[Dataset extract]

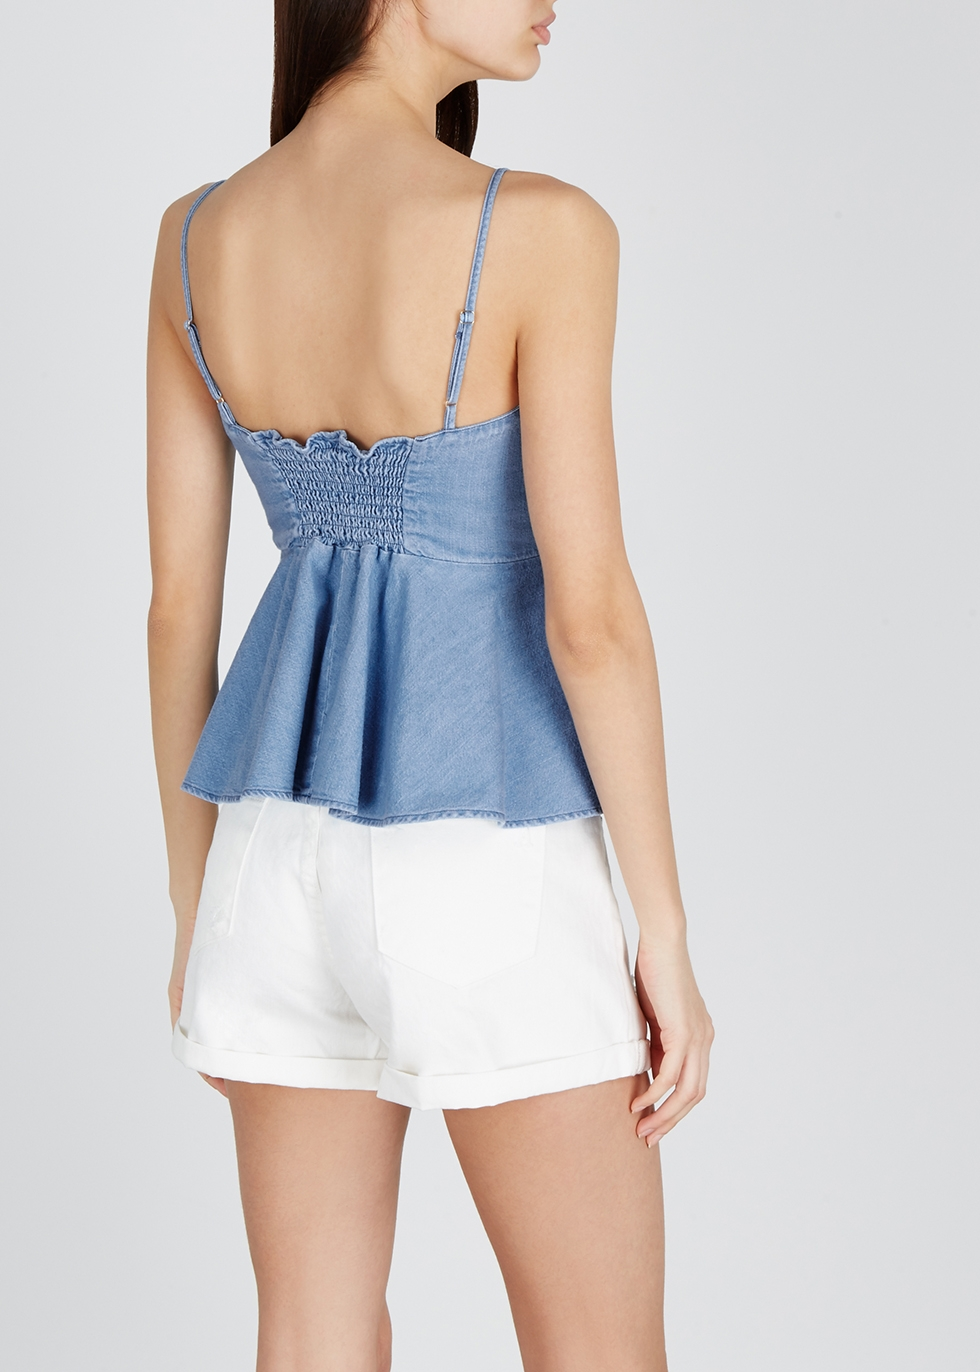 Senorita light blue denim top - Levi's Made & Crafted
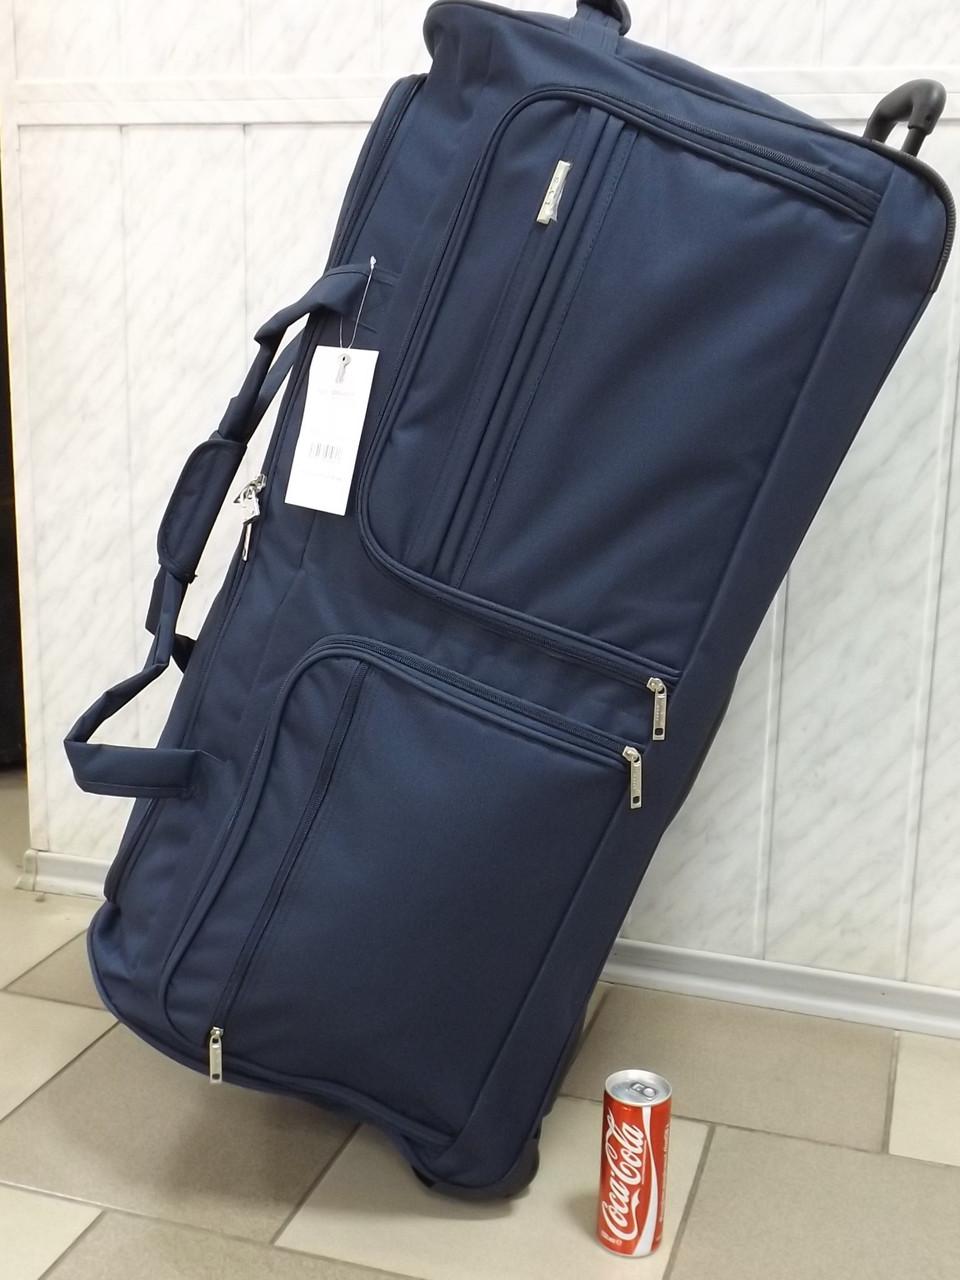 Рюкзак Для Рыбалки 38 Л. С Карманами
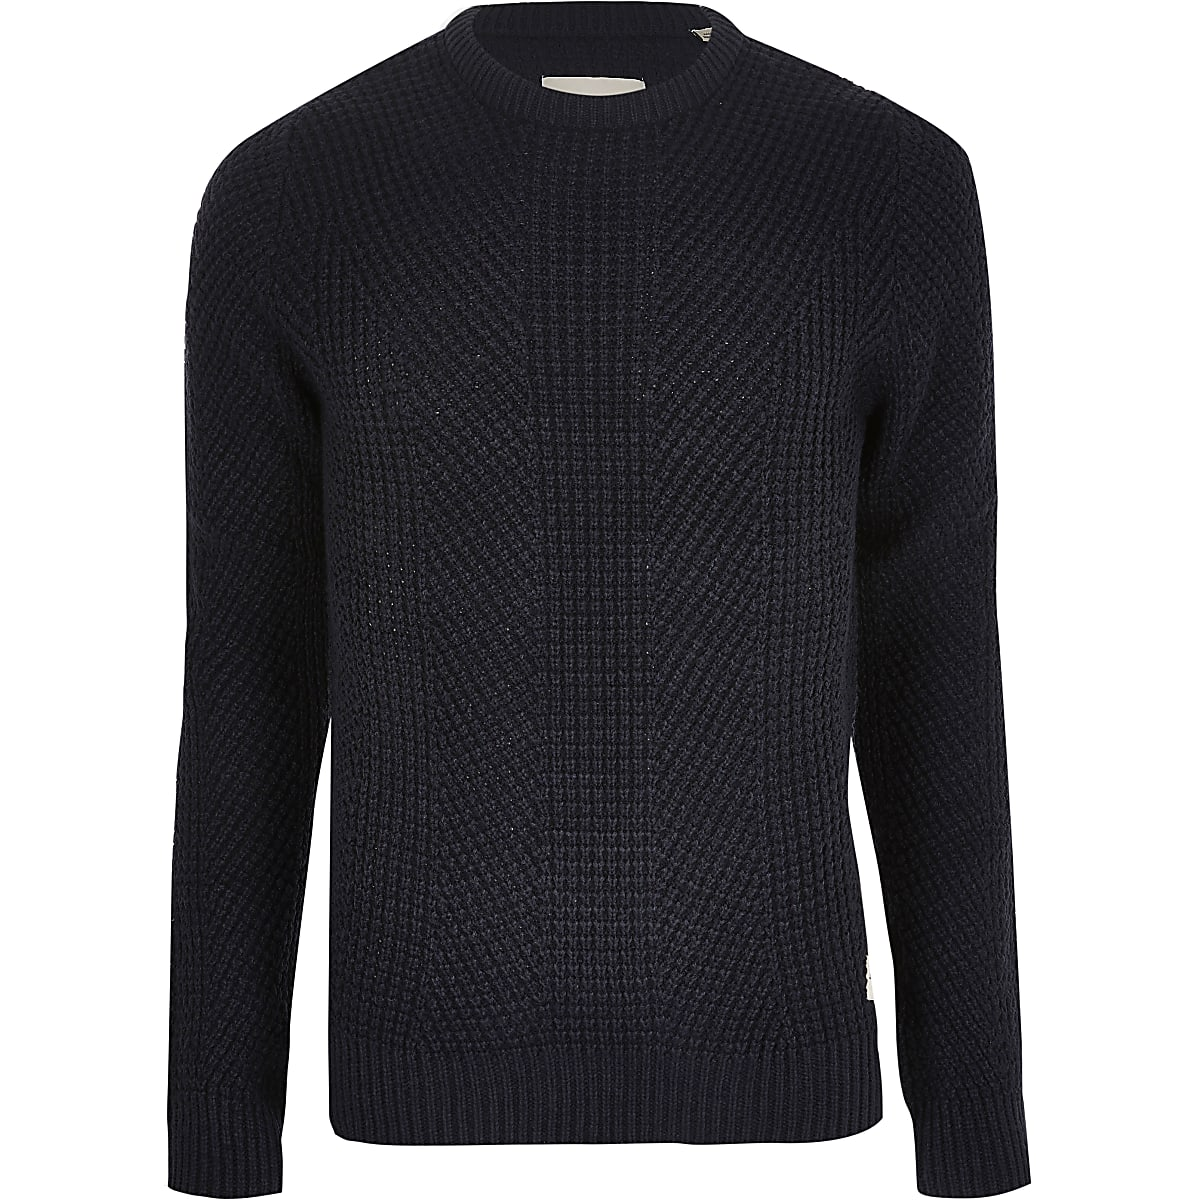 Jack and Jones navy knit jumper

[/Dataset extract]

Instructions to follow: Restate every line of the data above word for word, with the images removed.

Exercise solution:
 Senorita light blue denim top - Levi's Made & Crafted
 Рюкзак Для Рыбалки 38 Л. С Карманами
 Jack and Jones navy knit jumper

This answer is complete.